## Dataset content:
^^^^^^^^
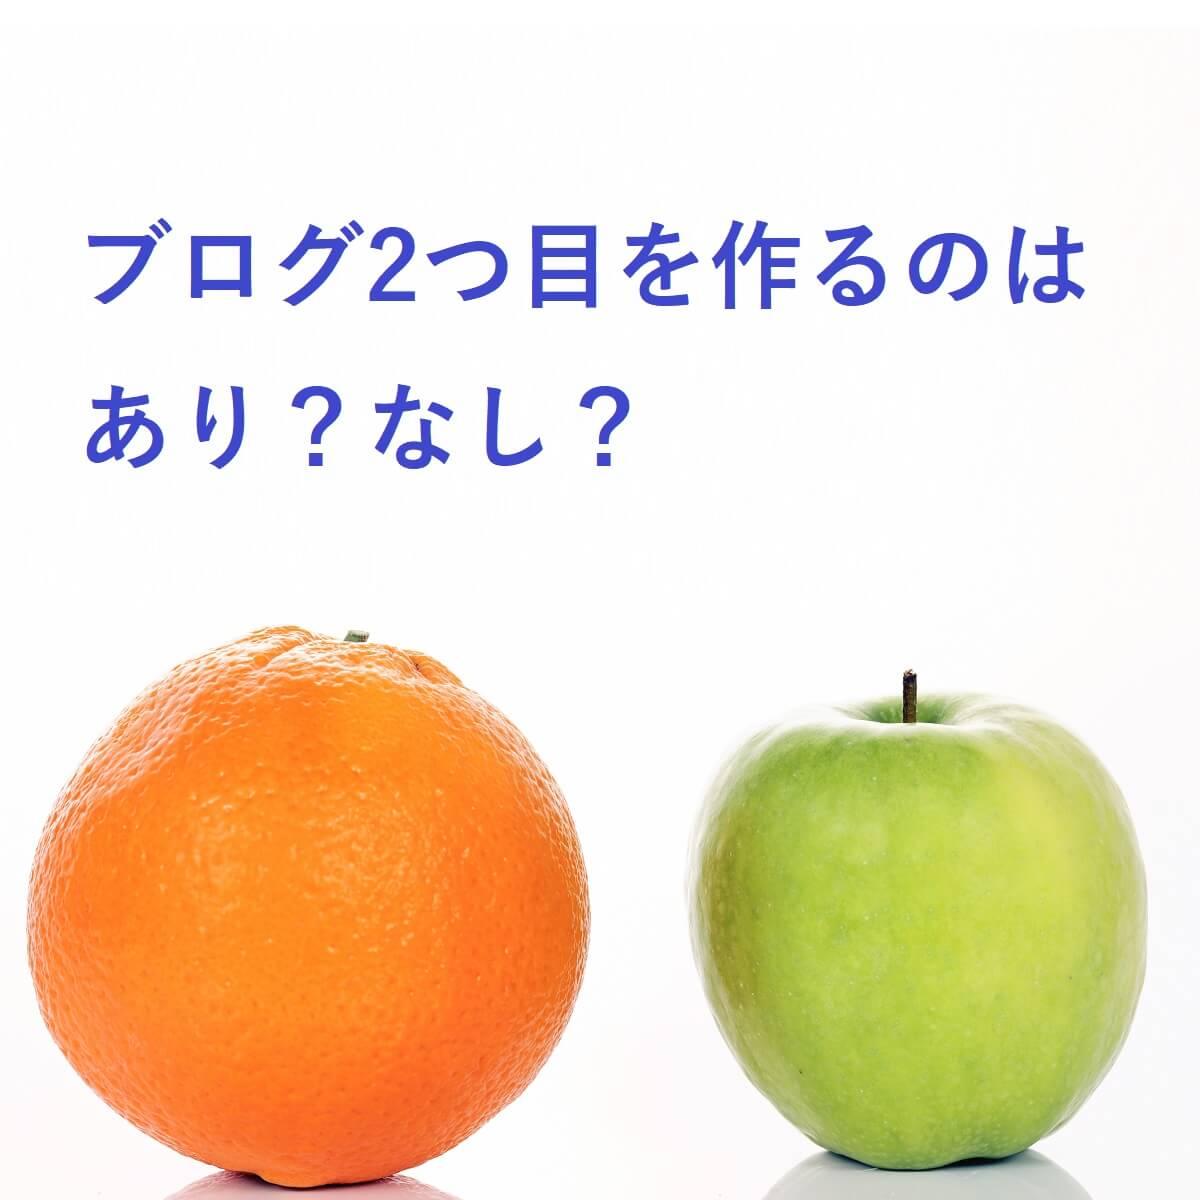 オレンジ1個と青りんご1個が並んでいる様子。
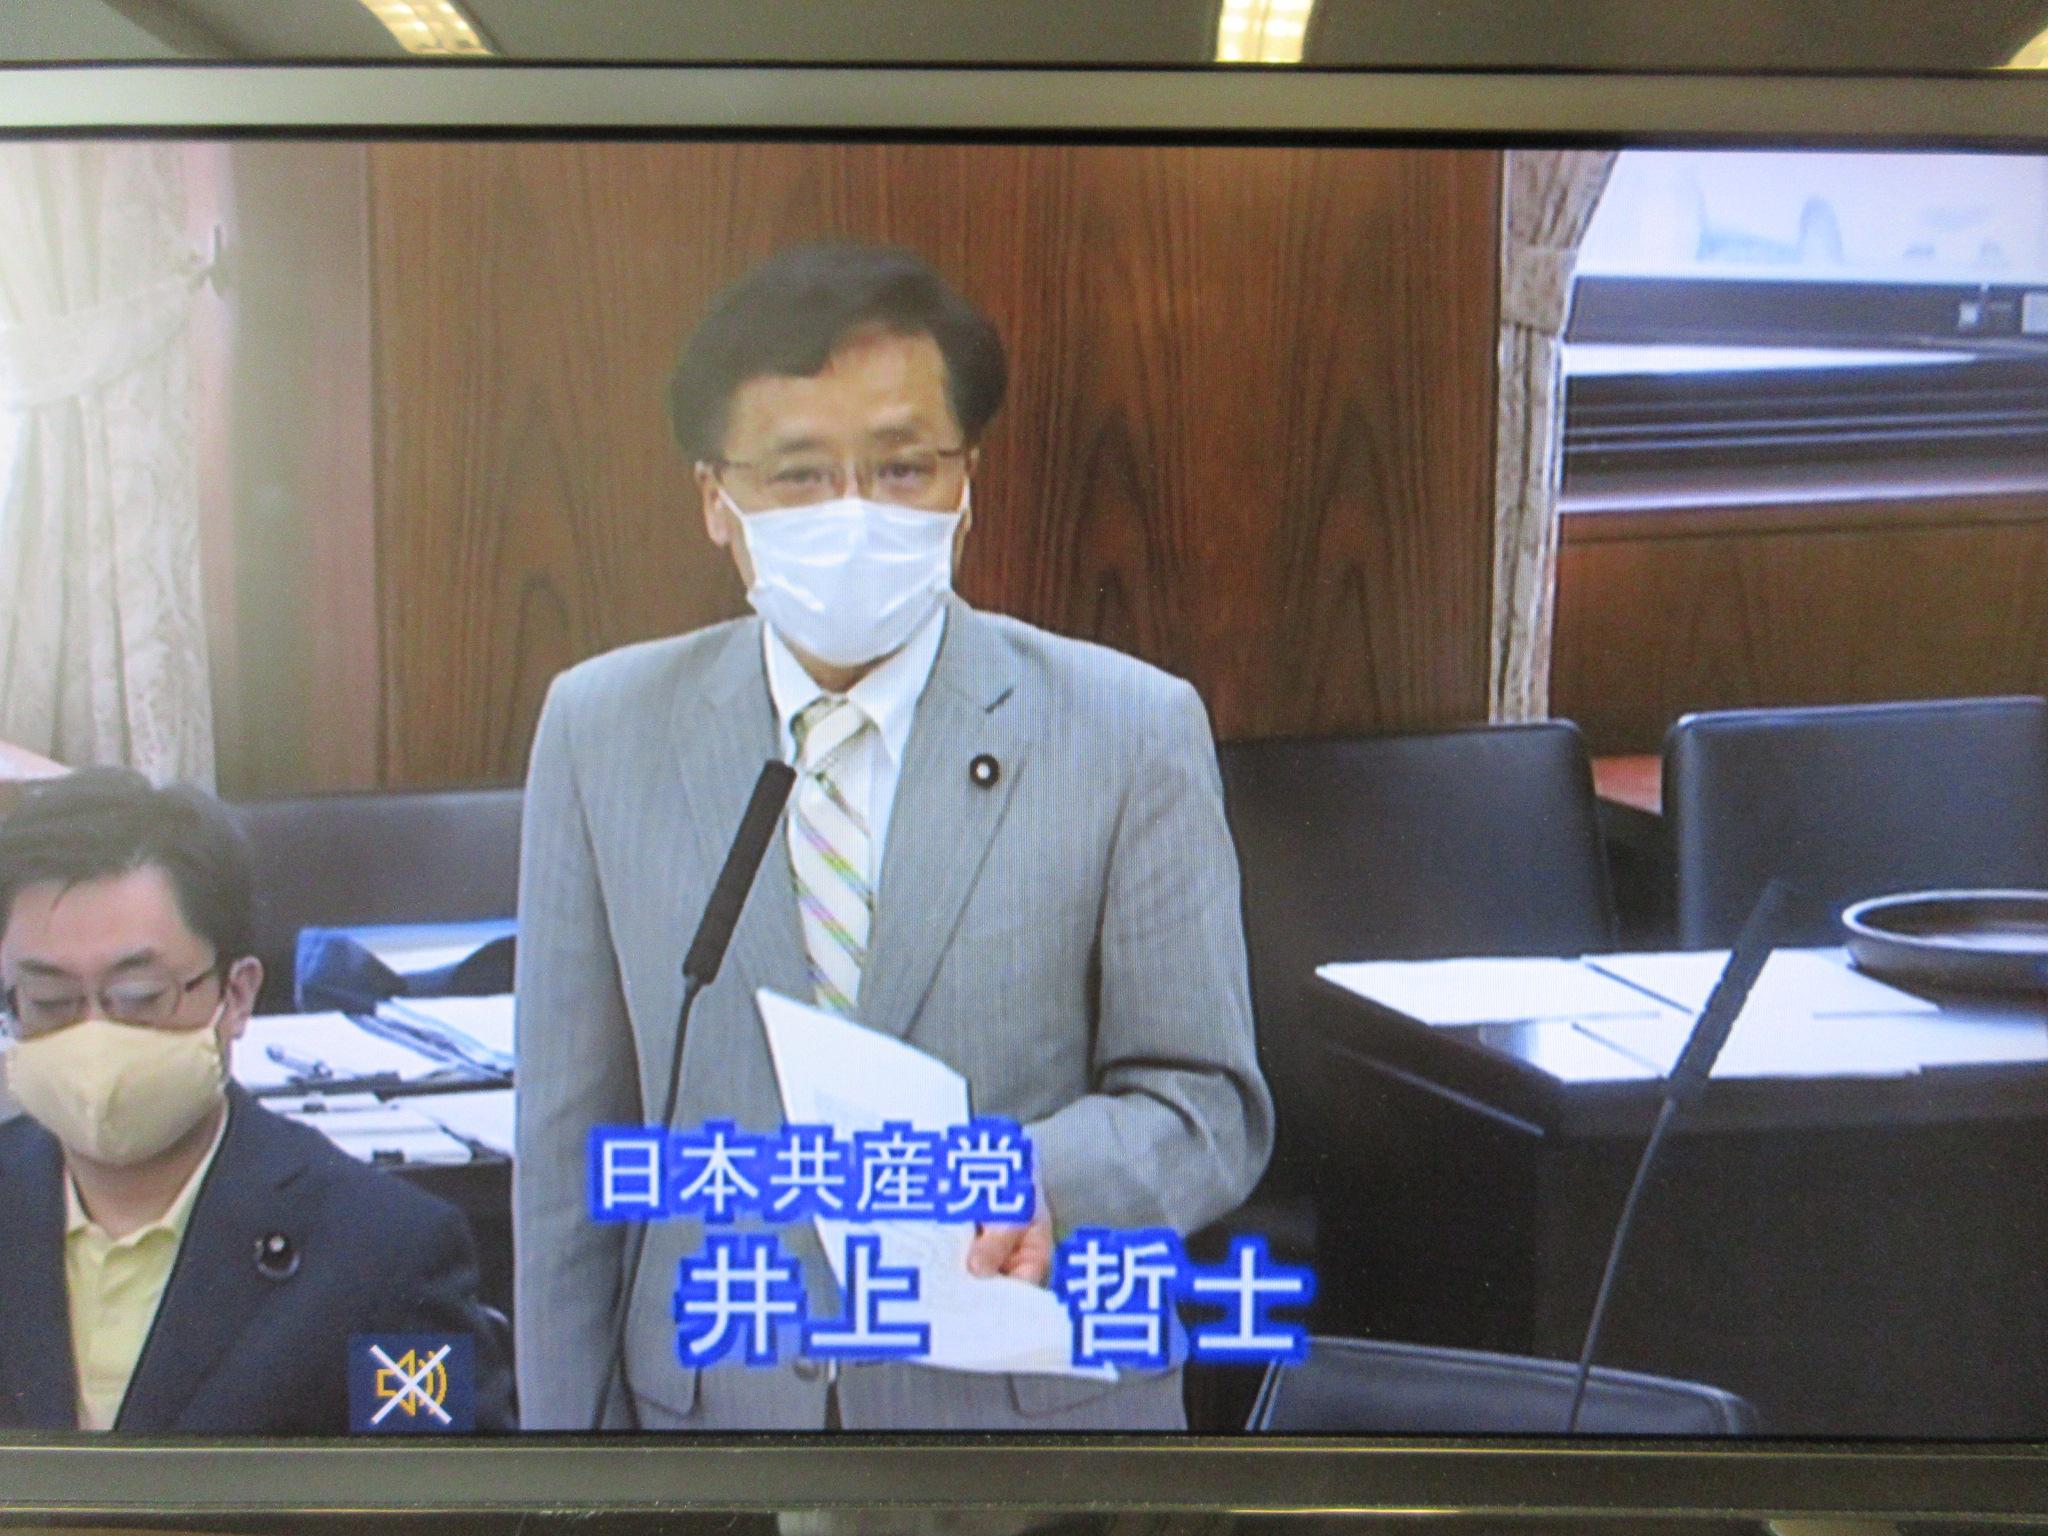 http://www.inoue-satoshi.com/diary/IMG_0626.JPG
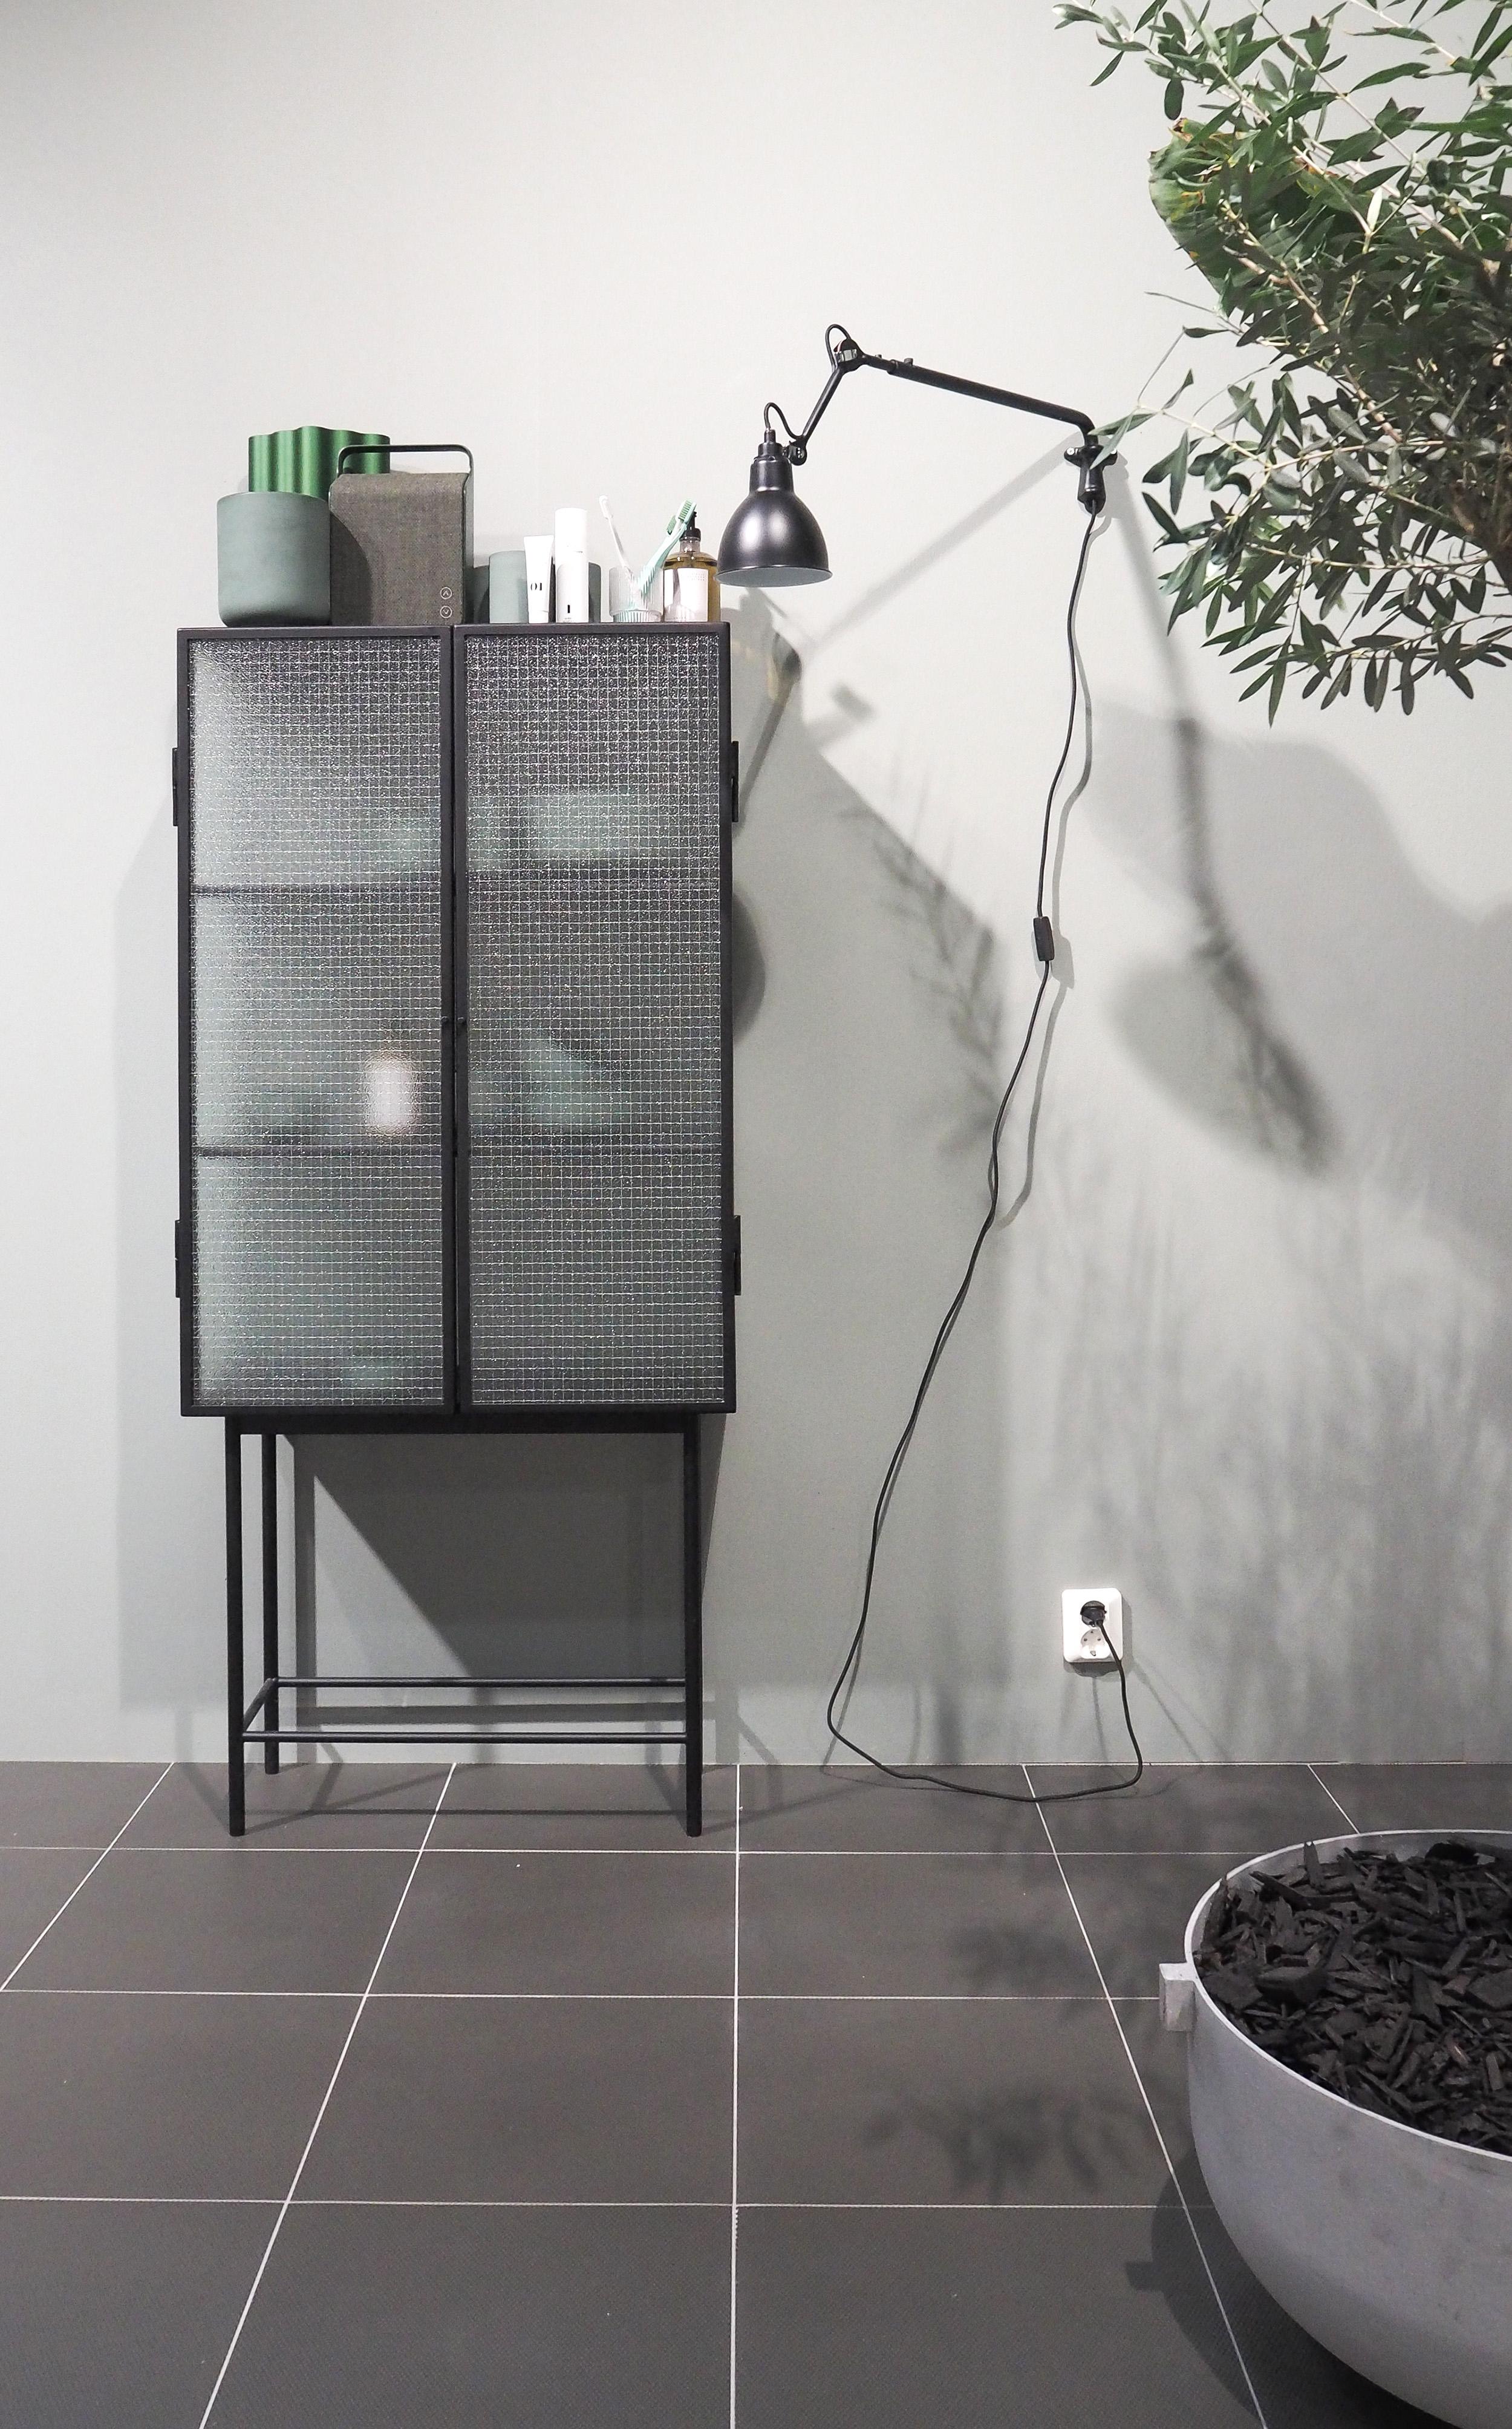 Industrial bathroom styling
^^^^^^^^
## Activity:
Quote the data exactly, leaving every image out of the copy.

## Response:
 オレンジ1個と青りんご1個が並んでいる様子。
 http://www.inoue-satoshi.com/diary/IMG_0626.JPG
 Industrial bathroom styling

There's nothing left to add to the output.